Drôle de fête en vérité : à l’Ascension, nous fêtons notre séparation d’avec le Christ-homme, mais, en même temps, c’est cette séparation qui nous fait comprendre le Christ fils de Dieu. Tout à l’heure longue conversation avec une musulmane dont le mari voudrait être baptisé. Nous discutons du « Fils de Dieu ». Autant dire que la fête de l’Ascension est de circonstance pour cette conversation. Pour Aïcha, le Christ fils de Dieu, c’est un peu comme Hercule ou les héros grecs. Des Occidentaux très érudits ont aussi soutenu cela au début du XXème siècle, avec à la clé l ‘histoire du christianisme héritier des cultes à mystères, Eleusis et autres. J’explique à Aïcha que la notion de « fils » dont le Coran se moque, est purement métaphorique. Saint Jean, dans le Prologue de son Evangile, dit plutôt que le Christ est le Verbe de Dieu, « la raison divine ». Le Christ ? C’est cette « raison divine » qui dit Je dans un homme. Dans le Christ, expliquais-je à Aïcha, , Dieu s’est fait homme, pour ouvrir une voie nouvelle : celle au cours de laquelle, par la foi vivante, l’homme se fait Dieu… Dans le Paradis d’Allah, continuai-je, il y a un grand absent : Allah lui-même. On ne voit pas Allah dans son Ciel. Elle m’interrompt en m’expliquant que dans une phrase du Coran (dont elle ne me donne pas la référence), certains saints peuvent voir le visage de Dieu – Eh bien pour nous chrétiens, lui ai-je répondu, parce que le Christ est le Fils de Dieu, tous les hommes s’ils le veulent, peuvent voir Dieu, « visage à visage », comme dit saint Paul. Je vous cite cette petite conversation parce qu’il me semble que c’est tout le sens de l’Ascension : « Le Christ est enlevé et il est assis à la droite de Dieu ». Si le Christ est assis à la droite de Dieu, c’est qu’il nous y attend.

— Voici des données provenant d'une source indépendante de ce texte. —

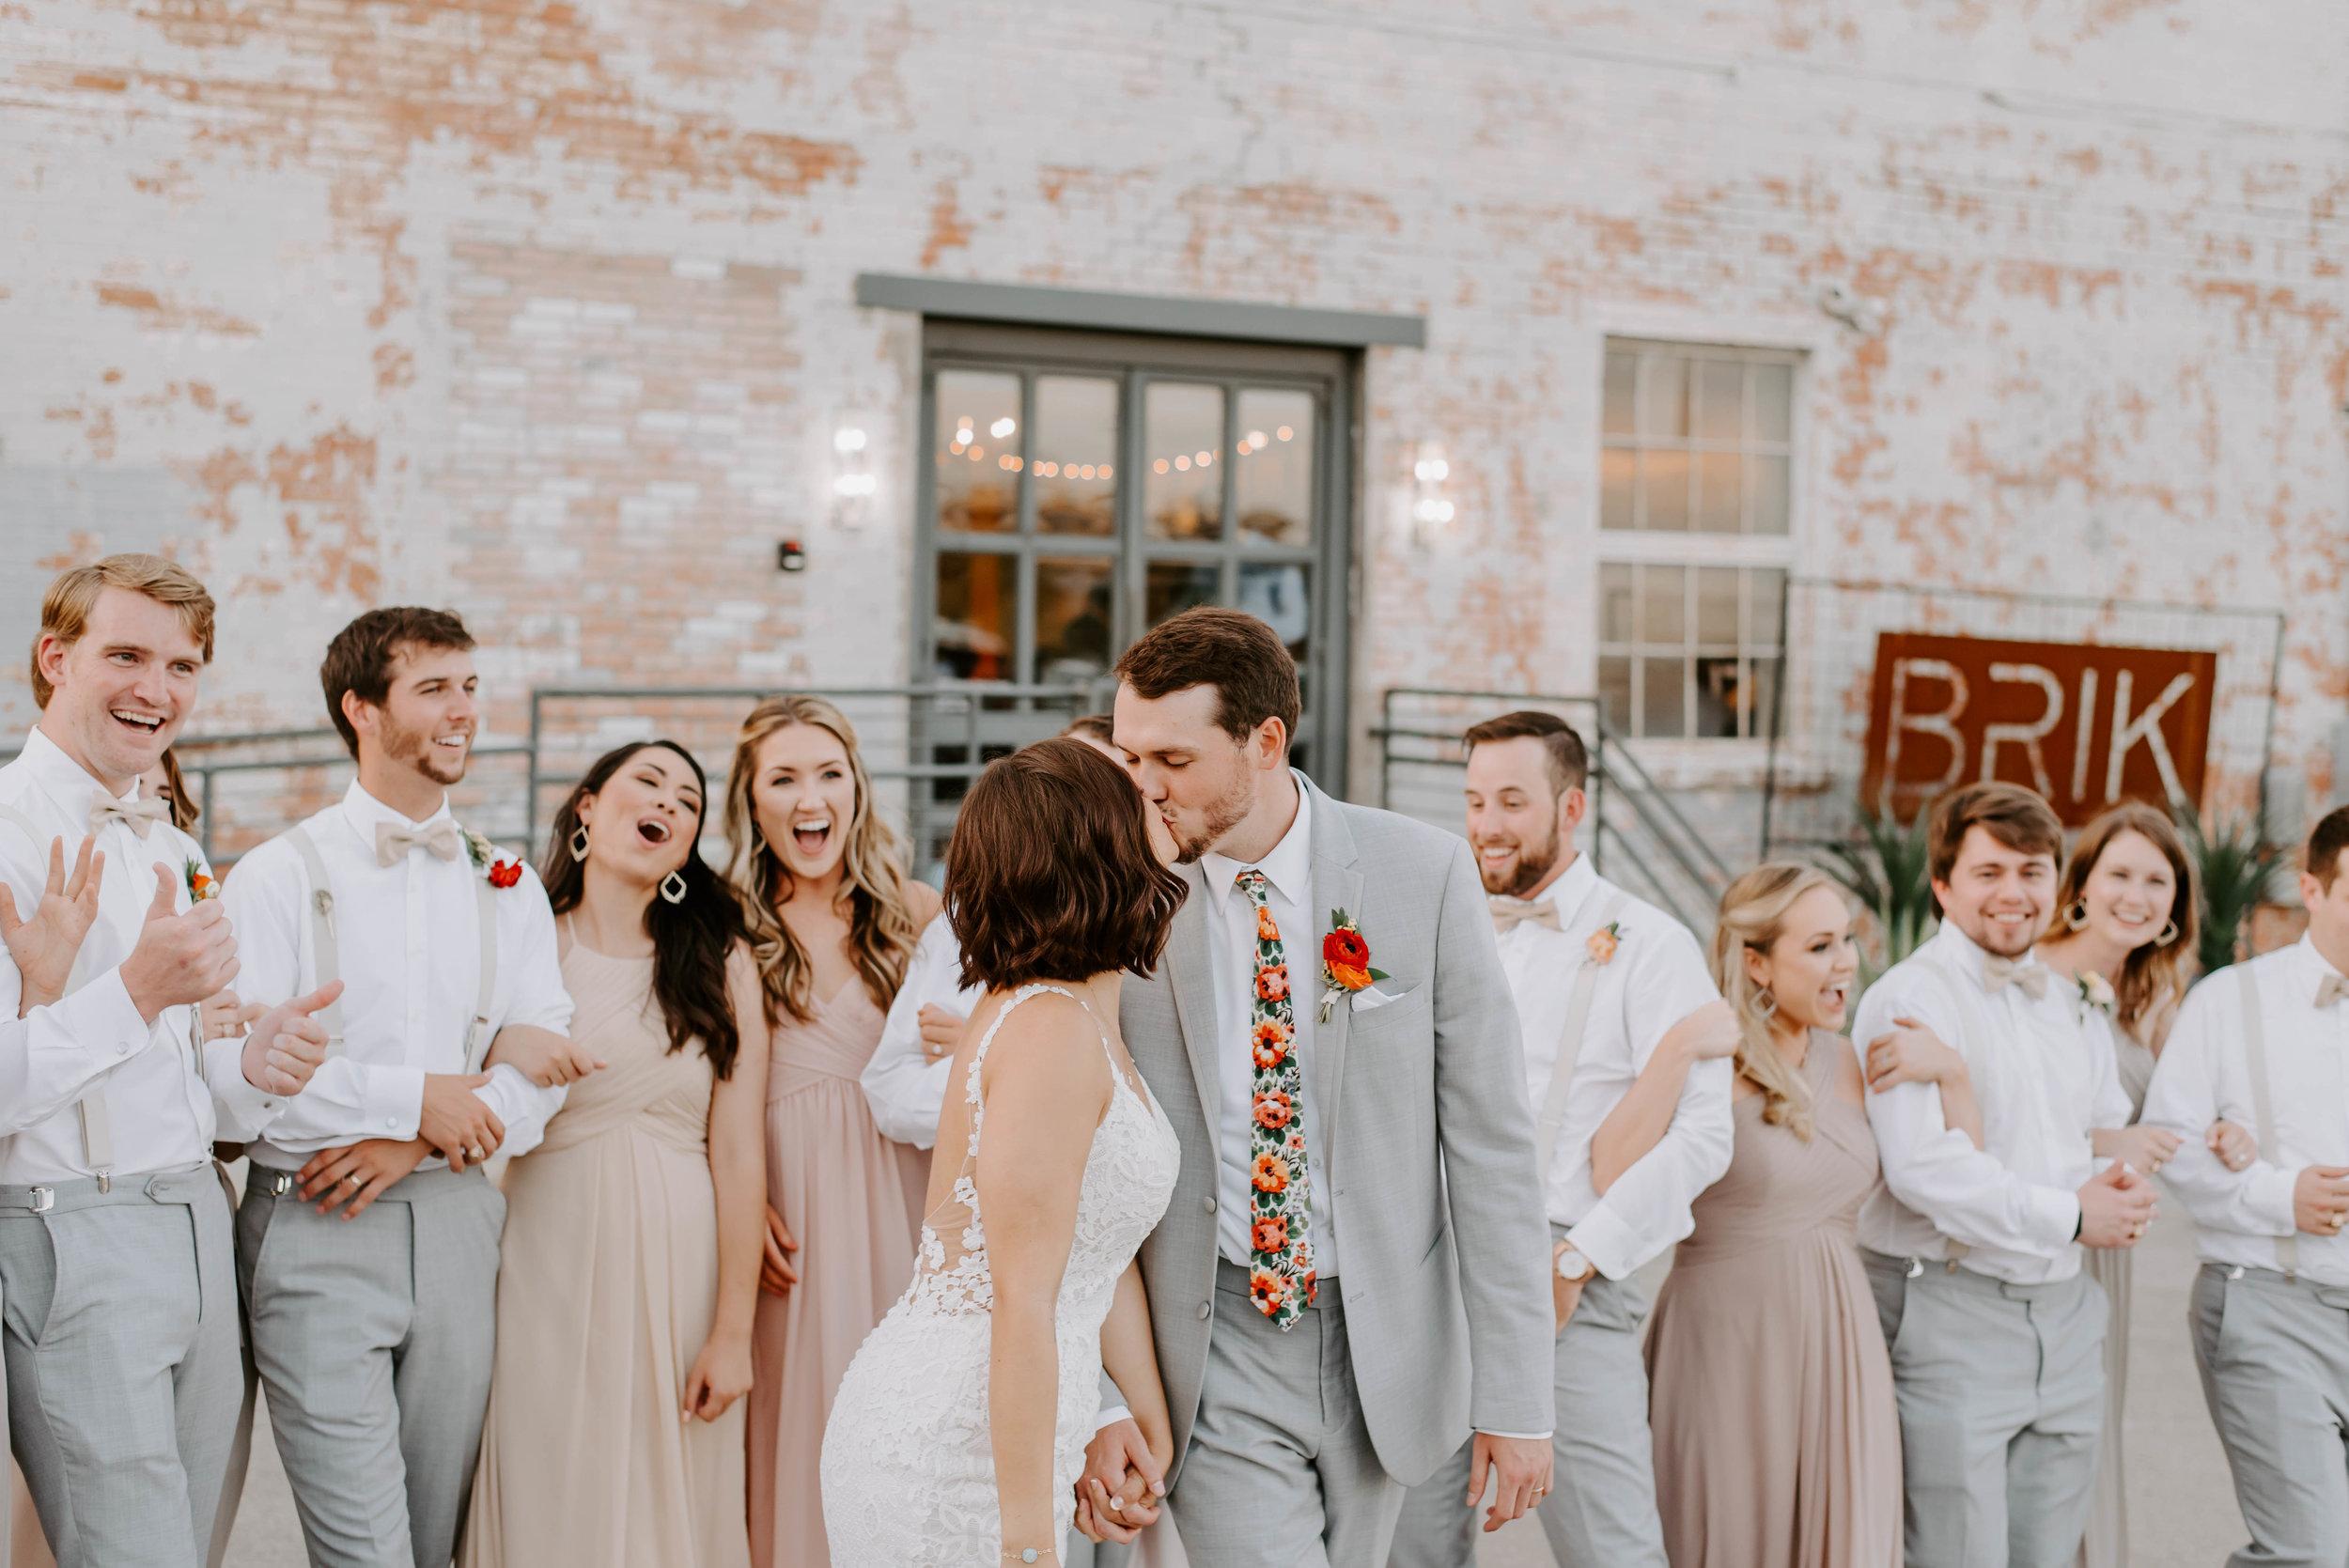 Brik Venue Fort Worth Summer Wedding-7115.jpg

L’Evangile du dimanche après l’Ascension
Mais venons-en au dimanche après l’Ascension. L’Esprit saint nous est annoncé comme le « défenseur » (Paraclet). Drôle de défenseur, direz-vous. Quelle est sa force ?
La force du Saint-Esprit, c’est de pouvoir pénétrer les cœurs – tous les cœurs – sans effraction. C’est ce que signifie cette phrase de l’Evangile de Jean que nous lisons : « L’Esprit de Vérité qui procède du Père rendra témoignage de moi ». Il y a en « tout homme venant en ce monde », un rayon de cet esprit de vérité qui « l’éclaire ». Vous qui me lisez, que vous soyez chrétiens ou non, il y a en vous cette force de vérité. Saint Paul l’expliquait déjà aux Thessaloniciens : « La parole de Dieu agit efficacement en vous qui êtes fidèles », avant que vous ne l’entendiez de nous qui vous la prêchons. Voyez encore l’Epître aux Romains 8, 16 : « L’Esprit de Dieu rend témoignage à notre esprit que nous sommes enfants de Dieu ». Pascal a merveilleusement exprimé cela comme d’habitude. Il est juste nécessaire de le relire une fois ou deux : « Il faut aimer un être qui soit en nous et qui ne soit pas nous, et cela est vrai de tous les hommes. Or il n’y a que l’Etre universel qui soit tel. Le Royaume de Dieu est en nous. Le bien universel est en nous, est nous-mêmes, et ce n’est pas nous ». Le Bien n’est pas confessionnel, il vient de l’intérieur de chacun, il est profondément singulier et vraiment universel.
Je viens de regarder le film Crimes et délits de Woody Allen. On aime ou on n’aime pas l’ambiance allenienne, mais le choix du « héros » entre son frère le truand, qui supprime l’obstacle lorsqu’il l’a identifié et son ami le rabbin qui croit à un ordre du monde expliquant la dimension toujours profondément personnelle de chaque existence, et qui introduit dans cette croyance la nécessité du pardon, ce dilemme très bien orchestré par Woody Allen, dilemme qui n’aurait pas dû être cornélien, me semble présenter de façon claire l’universalité du Saint Esprit. On comprend la gravité du péché contre l’Esprit, qui ne peut être pardonné, car en même temps qu’un péché contre Dieu, c’est un péché contre soi-même. Une destruction de la force du Bien en nous et pour nous. Le choix froid du non-sens, bien vu par Allen toujours.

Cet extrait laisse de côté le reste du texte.